Task prompt:
Pictures aside, repeat the whole listing word for word.

Dataset section:
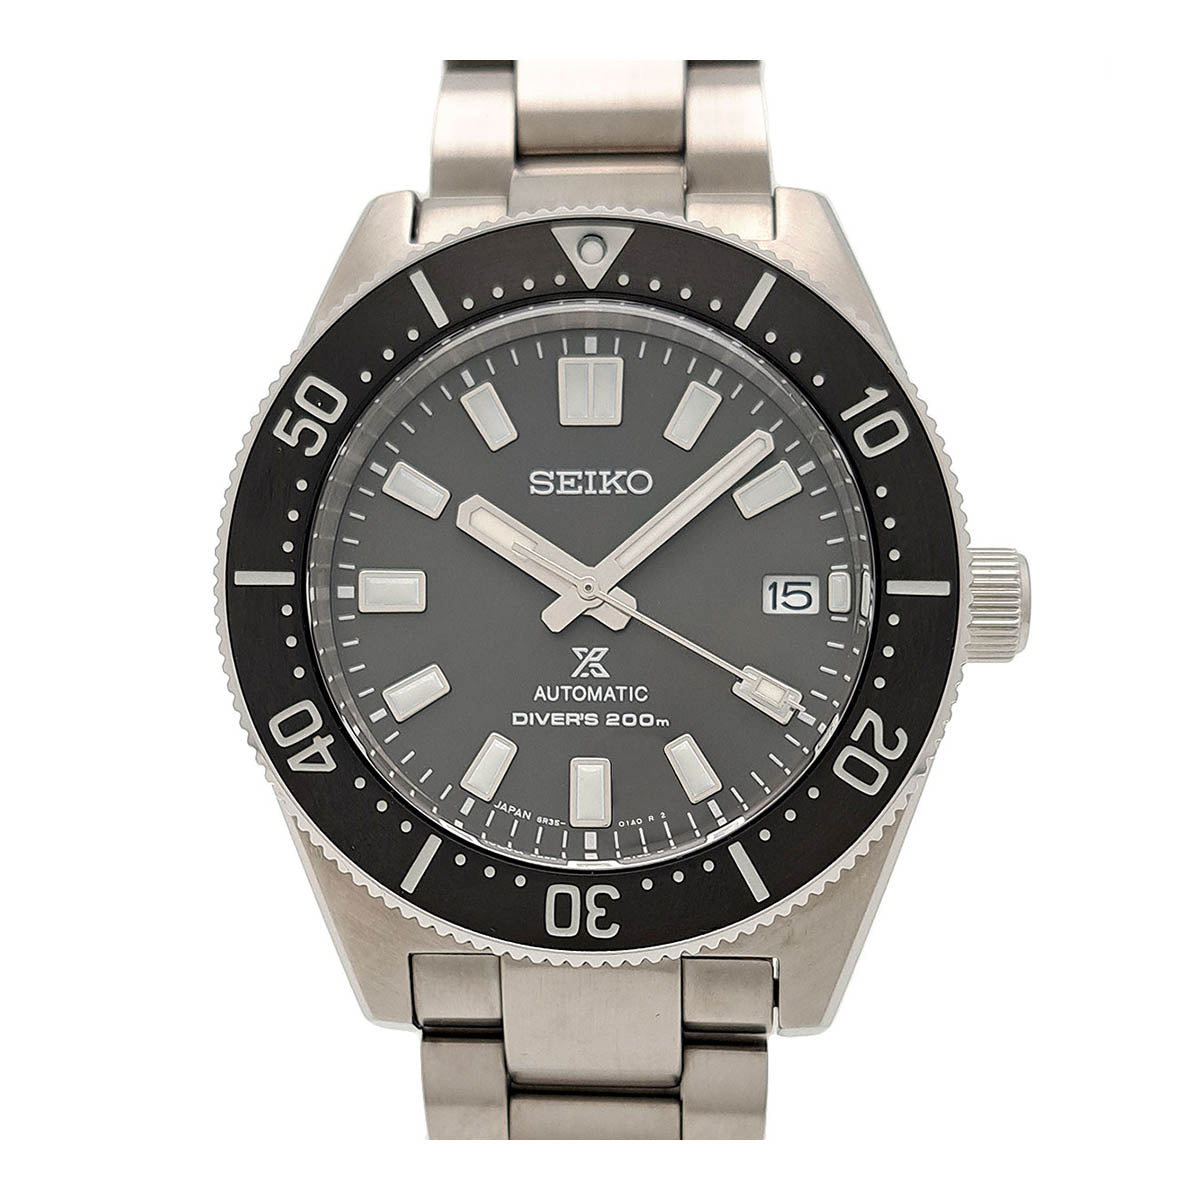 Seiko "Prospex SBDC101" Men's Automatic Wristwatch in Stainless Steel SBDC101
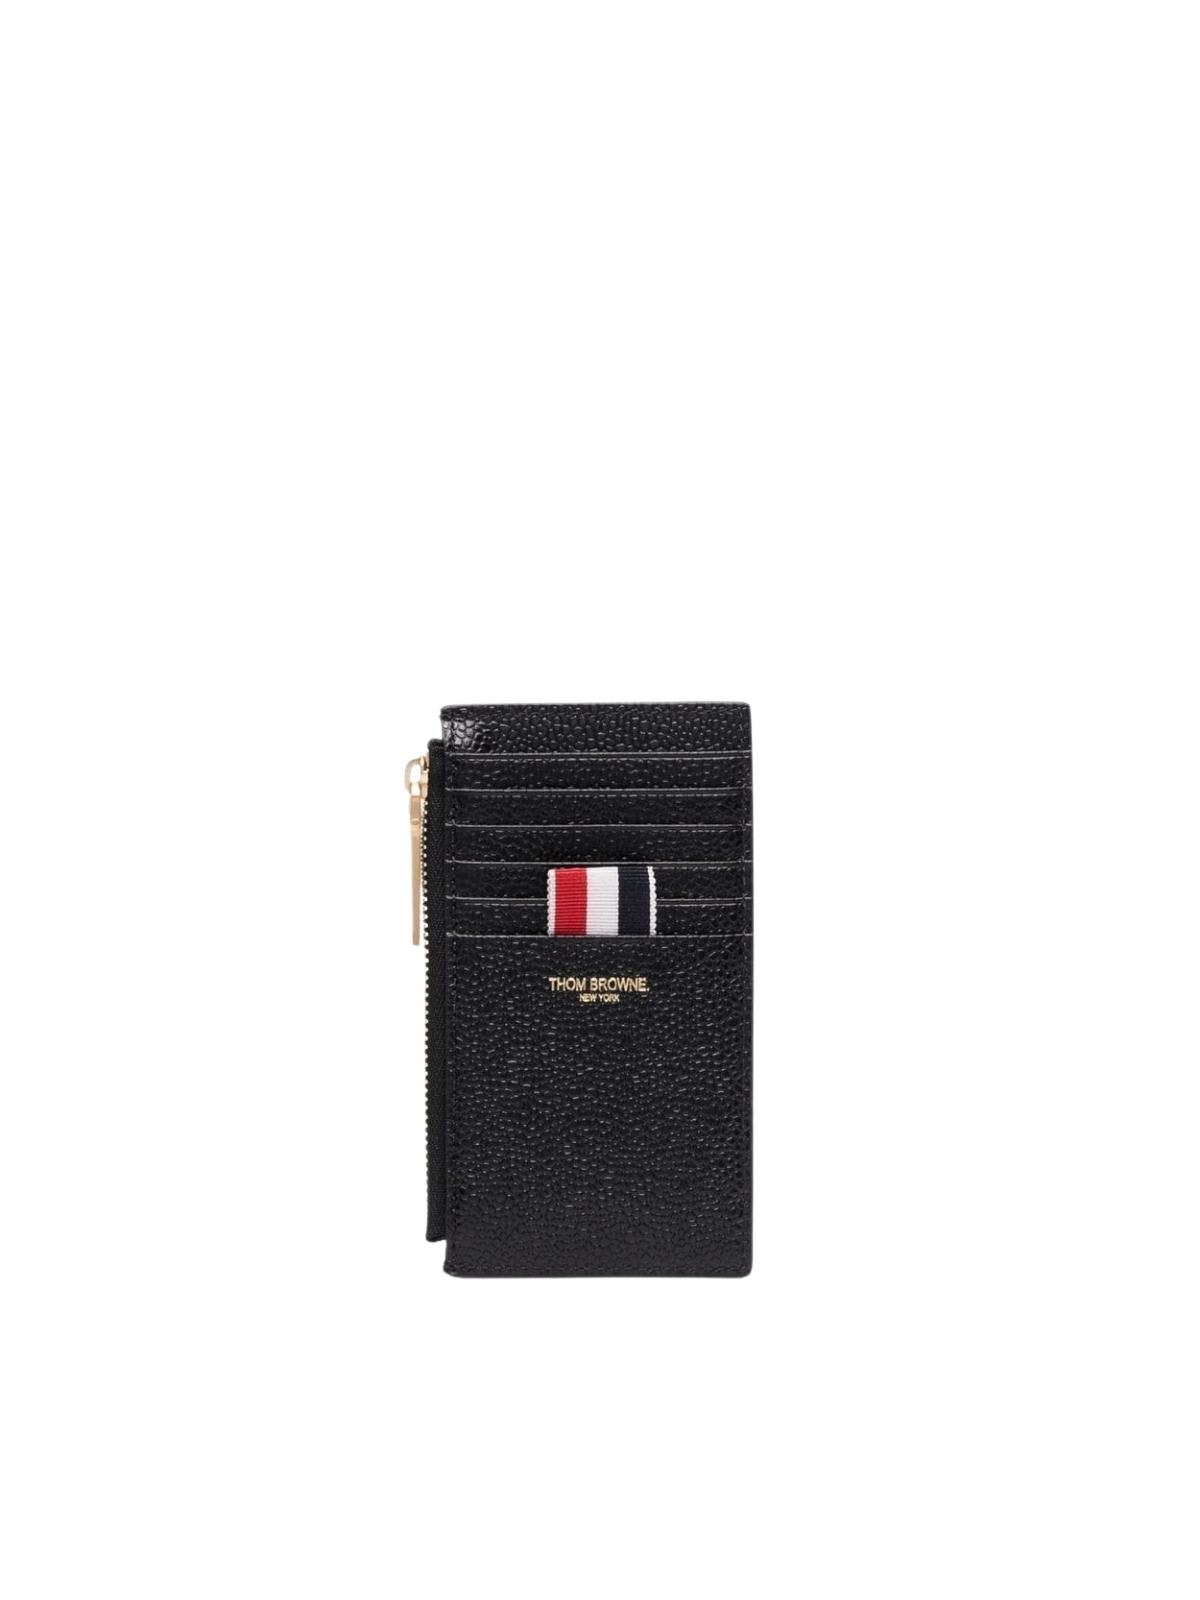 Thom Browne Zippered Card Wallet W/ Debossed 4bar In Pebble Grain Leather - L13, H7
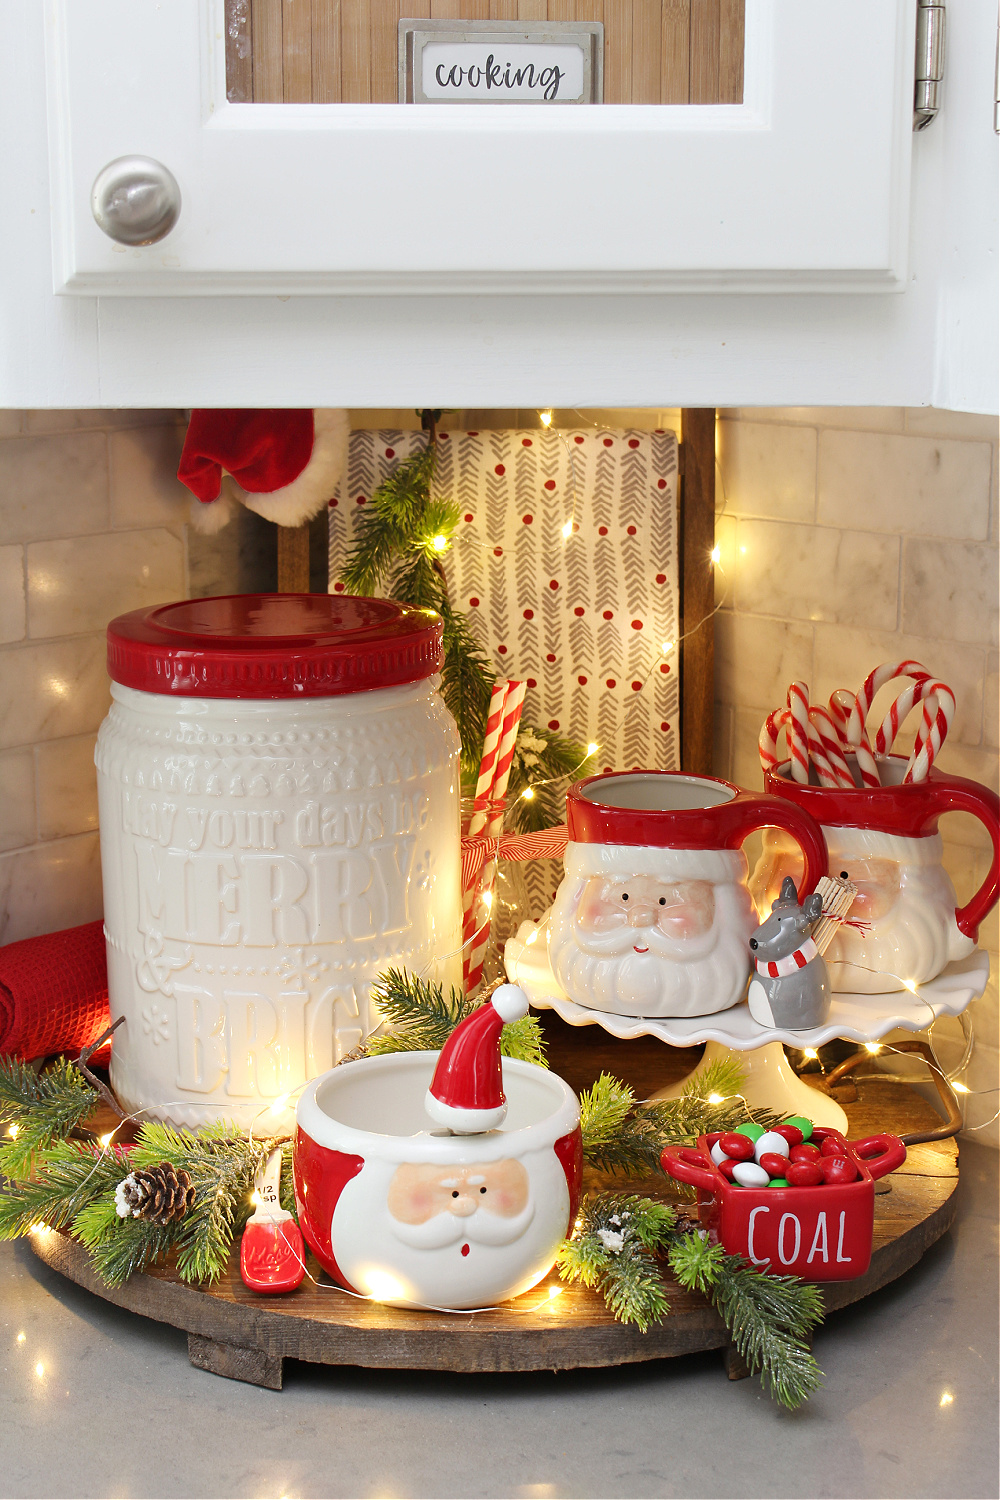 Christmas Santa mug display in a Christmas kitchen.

Solved exercise:
 Seiko "Prospex SBDC101" Men's Automatic Wristwatch in Stainless Steel SBDC101
 Thom Browne Zippered Card Wallet W/ Debossed 4bar In Pebble Grain Leather - L13, H7
 Christmas Santa mug display in a Christmas kitchen.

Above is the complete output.